By analyzing existing cross correlation between Volatility Shares Trust and 2x Long VIX, you can compare the effects of market volatilities on Volatility Shares and 2x Long and check how they will diversify away market risk if combined in the same portfolio for a given time horizon. You can also utilize pair trading strategies of matching a long position in Volatility Shares with a short position of 2x Long. Check out your portfolio center. Please also check ongoing floating volatility patterns of Volatility Shares and 2x Long.

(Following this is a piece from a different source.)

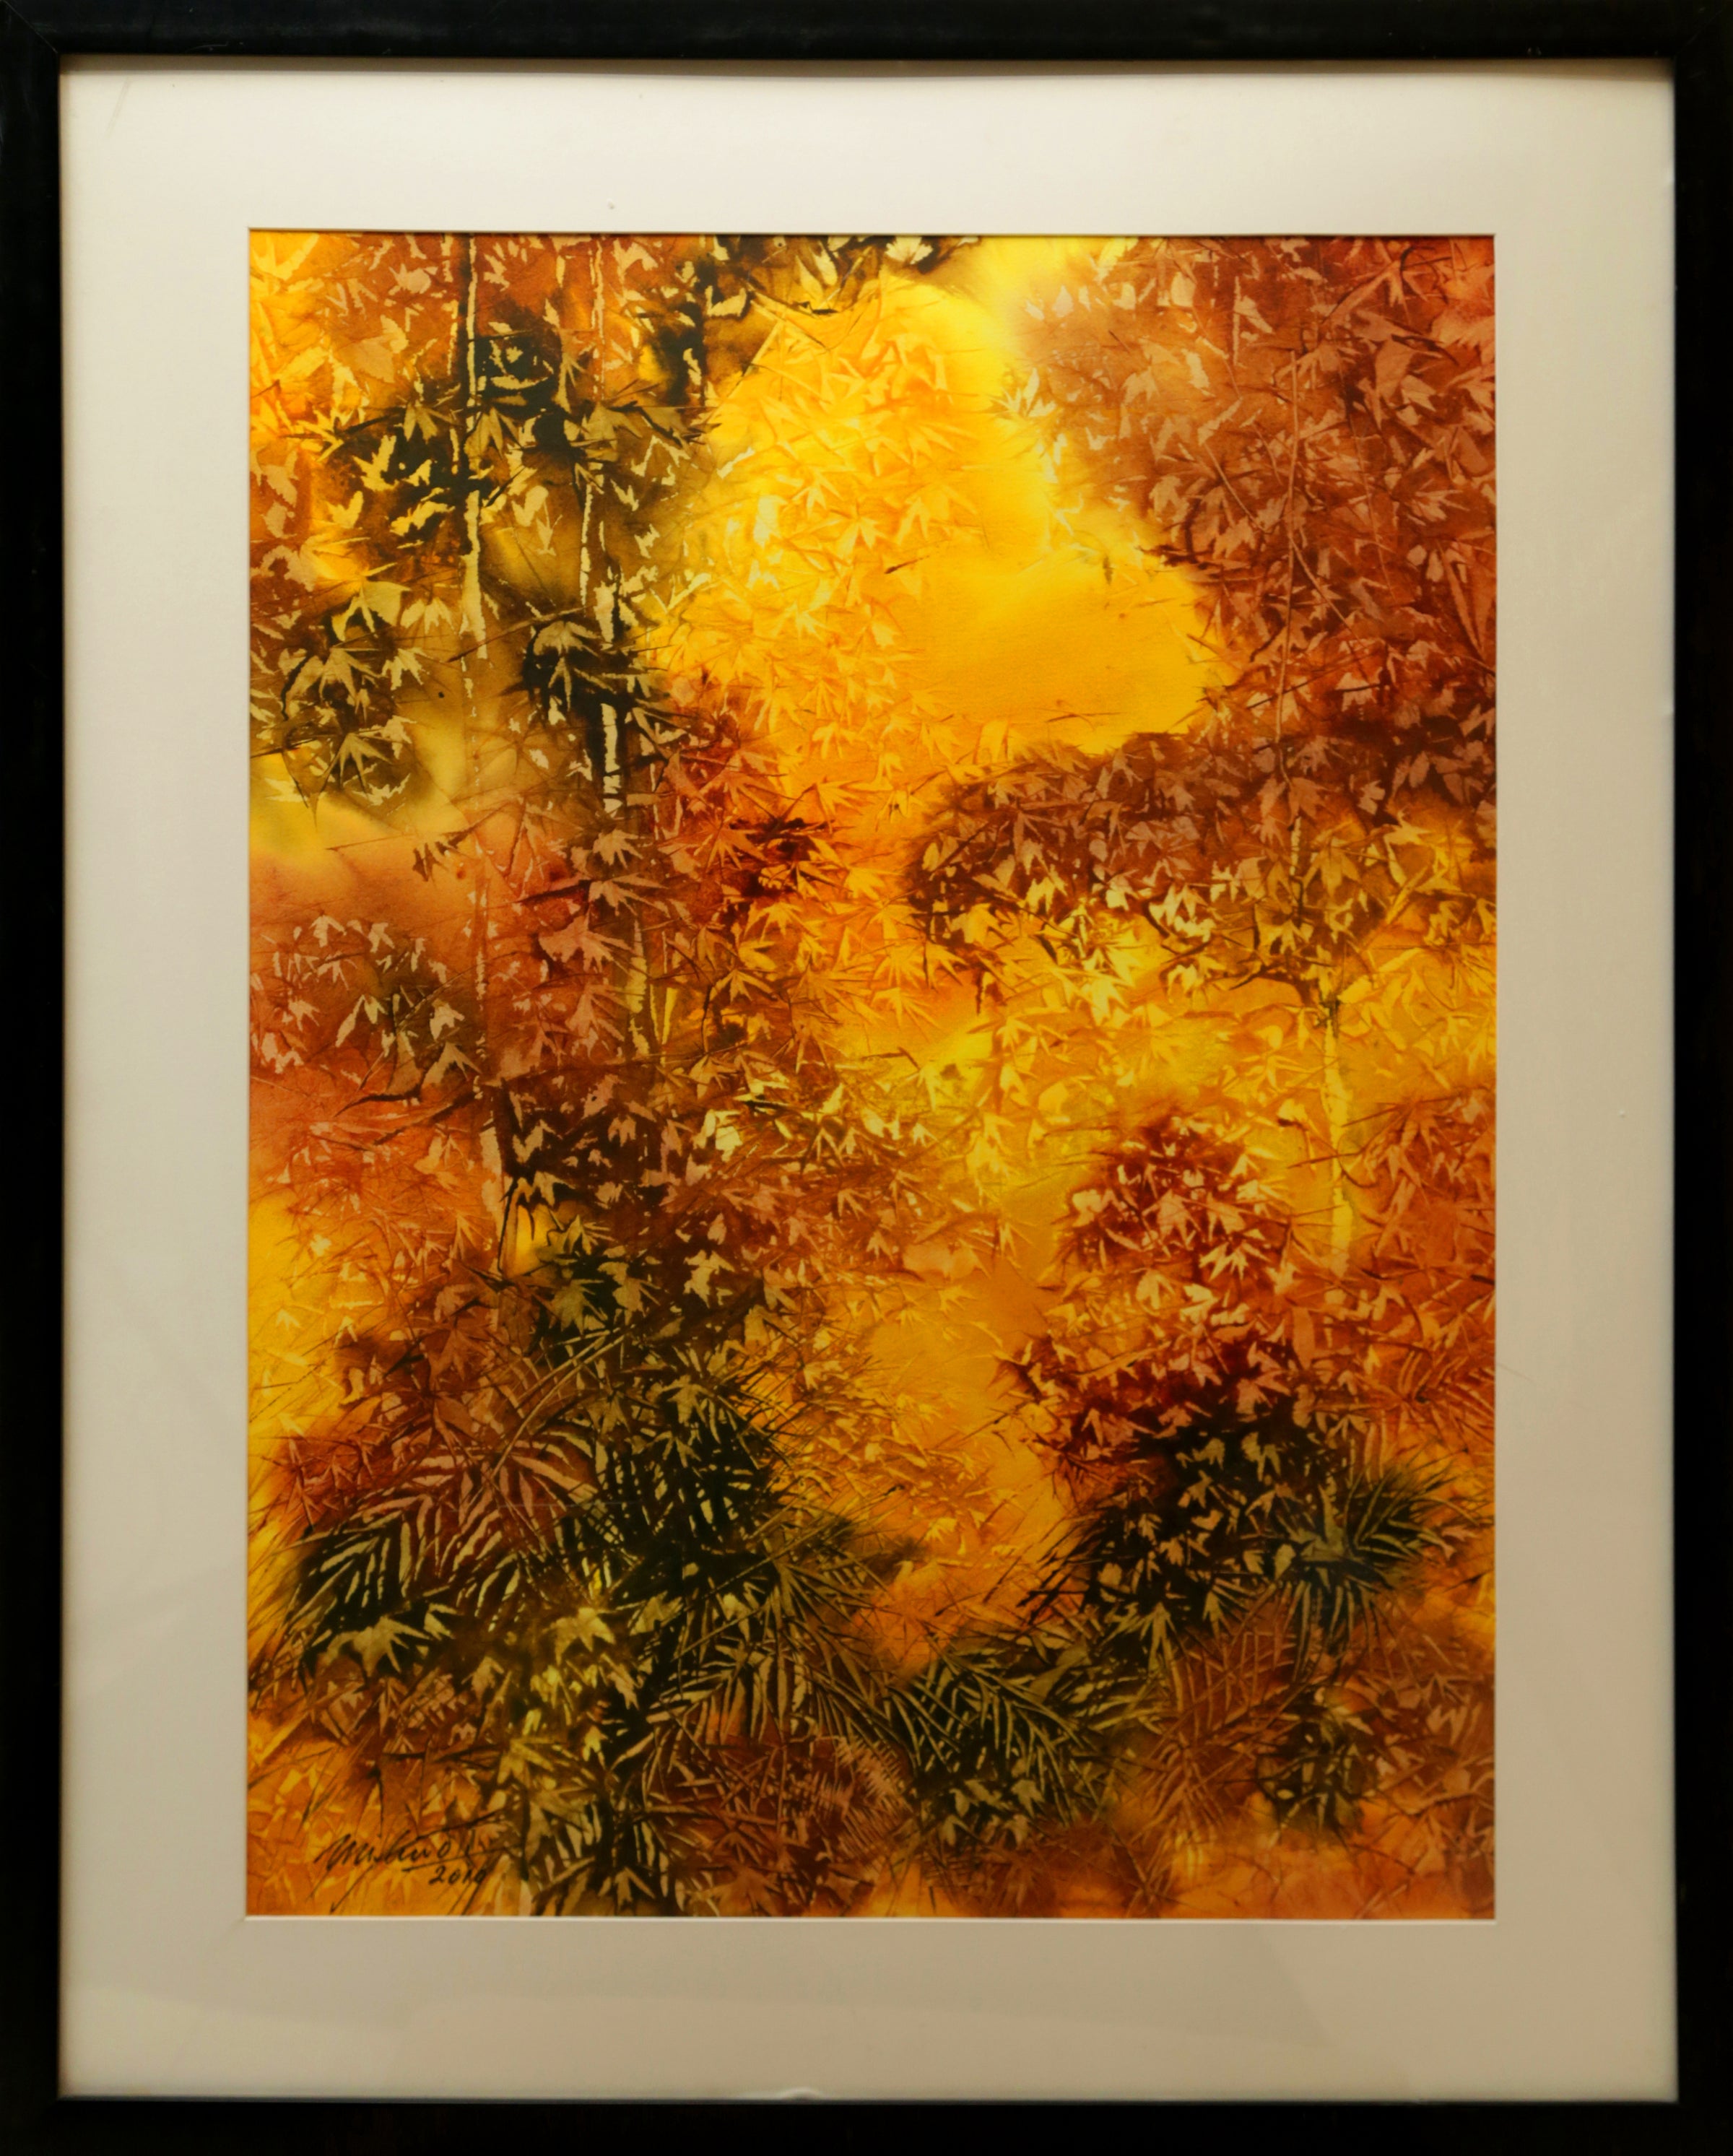 SCATTERED LEAVES by Milind Nayak | Water colour artwork on paper

Diversification Opportunities for Volatility Shares and 2x Long

-0.88
  Correlation Coefficient

Pay attention - limited upside

The 3 months correlation between Volatility and UVIX is -0.88. Overlapping area represents the amount of risk that can be diversified away by holding Volatility Shares Trust and 2x Long VIX in the same portfolio, assuming nothing else is changed. The correlation between historical prices or returns on 2x Long VIX and Volatility Shares is a relative statistical measure of the degree to which these equity instruments tend to move together. The correlation coefficient measures the extent to which returns on Volatility Shares Trust are associated (or correlated) with 2x Long. Values of the correlation coefficient range from -1 to +1, where. The correlation of zero (0) is possible when the price movement of 2x Long VIX has no effect on the direction of Volatility Shares i.e., Volatility Shares and 2x Long go up and down completely randomly.

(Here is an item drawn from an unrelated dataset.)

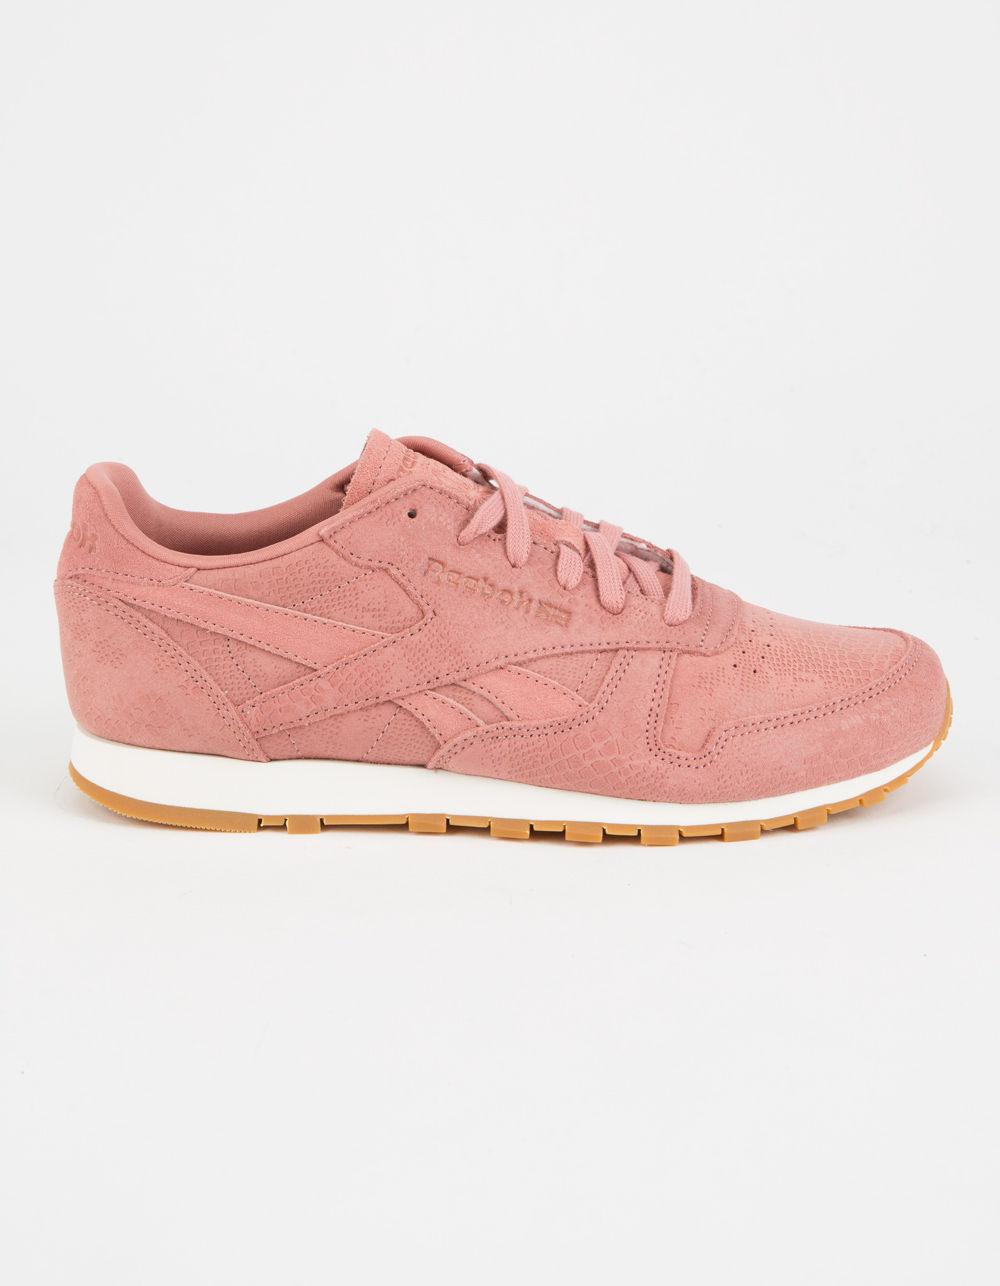 reebok classic leather faux exotic sneakers in pink

Pair Corralation between Volatility Shares and 2x Long

Given the investment horizon of 90 days Volatility Shares Trust is expected to under-perform the 2x Long. But the etf apears to be less risky and, when comparing its historical volatility, Volatility Shares Trust is 1.71 times less risky than 2x Long. The etf trades about -0.05 of its potential returns per unit of risk. The 2x Long VIX is currently generating about 0.07 of returns per unit of risk over similar time horizon. If you would invest  306.00  in 2x Long VIX on October 7, 2024 and sell it today you would earn a total of  12.00  from holding 2x Long VIX or generate 3.92% return on investment over 90 days.
Time Period3 Months [change]
DirectionMoves Against 
StrengthSignificant
Accuracy100.0%
ValuesDaily Returns

Volatility Shares Trust  vs.  2x Long VIX

 Performance 
       Timeline  
Volatility Shares Trust 

Risk-Adjusted Performance

15 of 100

 
Weak
 
Strong
Good
Compared to the overall equity markets, risk-adjusted returns on investments in Volatility Shares Trust are ranked lower than 15 (%) of all global equities and portfolios over the last 90 days. In spite of fairly inconsistent basic indicators, Volatility Shares showed solid returns over the last few months and may actually be approaching a breakup point.
2x Long VIX 

Risk-Adjusted Performance

0 of 100

 
Weak
 
Strong
Very Weak
Over the last 90 days 2x Long VIX has generated negative risk-adjusted returns adding no value to investors with long positions. In spite of weak performance in the last few months, the Etf's forward indicators remain fairly strong which may send shares a bit higher in February 2025. The current disturbance may also be a sign of long term up-swing for the ETF investors.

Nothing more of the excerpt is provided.